Self-driven Cybersecurity Analyst with a proven record of industry experience looking to display my strong skills in a company. NIST-based system security assessments, continuous monitoring, and other Assessment and Authorization (A&A) activities.

Experience building Third-party risk program, working knowledge, and understanding of Information Security Frameworks/Standards (ISO27001, NIST, PCI, HITRUST etc.), Vulnerability Management and regulatory Framework such as NIST 800 Series, FedRAMP.

Experience in IT security compliance, including demonstrated experience by documenting policies and IT security artifacts in accordance with NIST.

Risk Management

Framework, Authorization to Operate (ATO) documentation, Security control assessment (SCA). Exceptional communication skills and ability to thrive in a challenging, fast-paced and deadline driven environment.

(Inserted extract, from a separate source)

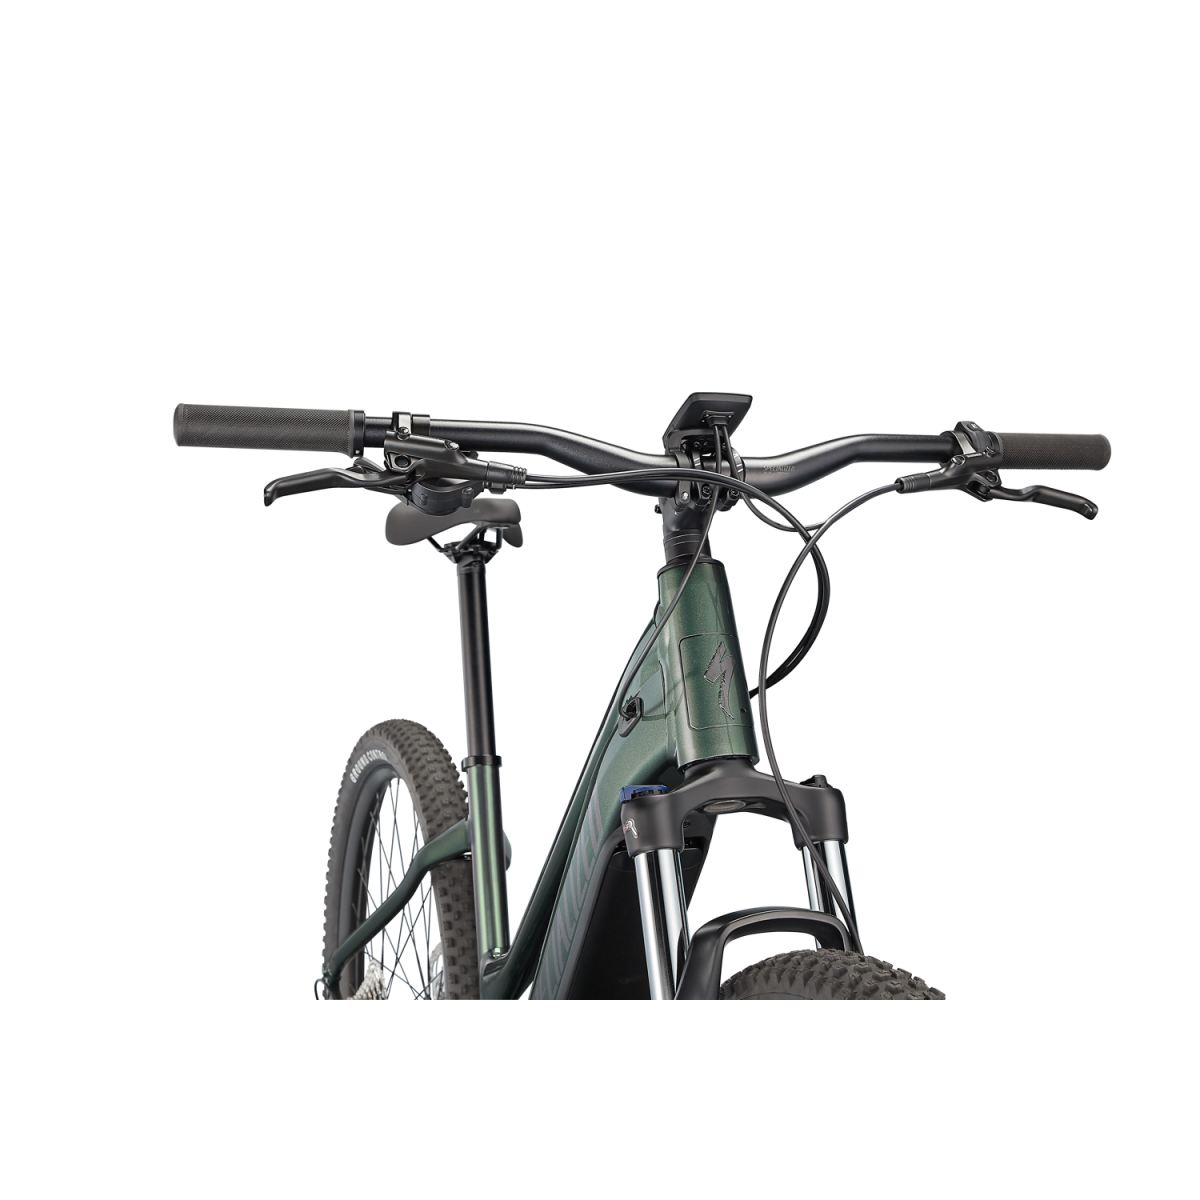 Specialized Turbo Tero 3.0 Step-Through elektrinis dviratis / Oak Green Metallic

In addition, experienced in brainstorming ideas with the Subject Matter Experts to identify requirements and communicate them with the team in a distributed work environment.

Information Security & Risk Management Consultant - Unum - USA, Ireland, Poland, United Kingdom

(2023-02 - 2026-05)

Support the global third-party risk / vendor management program across USA, Ireland, Poland, and United Kingdom.

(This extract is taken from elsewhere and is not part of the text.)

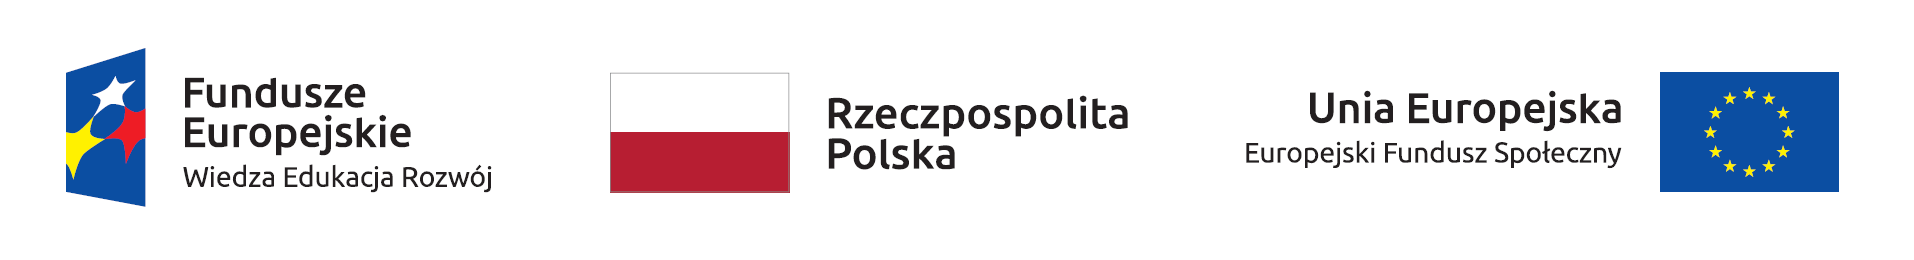 Logo Fundusze Europejskie Wiedza Edukacja Rozwój, Rzeczpospolita Polska, Unia Europejska Europejski Fundusz Społeczny

• Conduct thorough security assessments of third-party vendors, suppliers, and partners to evaluate their compliance with established security policies, regulations, and industry best practices.
• Assessment focus included Risk Management, Physical Security, Identity & Access Management, Encryption, Network & Application Security, Secure Development, Incident Management, Security Infrastructure, and Security Policies.
• Review and validate vendor documentation, including SOC reports, ISO 27001 (Attestation of Applicability), PCI-DSS (AOC, ROC), Internal Vulnerability scan report, External Pen-test report, Certification, security policies and procedures documentation.
• Collaborate with cross-functional teams, including legal, procurement, IT, and business units, to gather necessary information and ensure compliance with risk management processes.
• Work closely with business stakeholder to confirm the details and scope of the third-party engagements.
• Using BlackKite for continuous monitoring, document third party risk findings, track findings to closure, perform ongoing monitoring of third parties.
• Partner with Threat Intelligence, Attack Surface Management and TPRM team to ensure unified risk strategy and visibility on vulnerabilities and data breaches alerts.
• Stay abreast of security and regulatory trends, new guidelines, technology, and internal policy modifications to identify new key risk areas.
• Assists with third party risk requests in support of internal audits and external regulatory exams as required.
• Contribute to third-party risk management program improvement.
• Ability to work independently and manage multiple vendor relationships simultaneously.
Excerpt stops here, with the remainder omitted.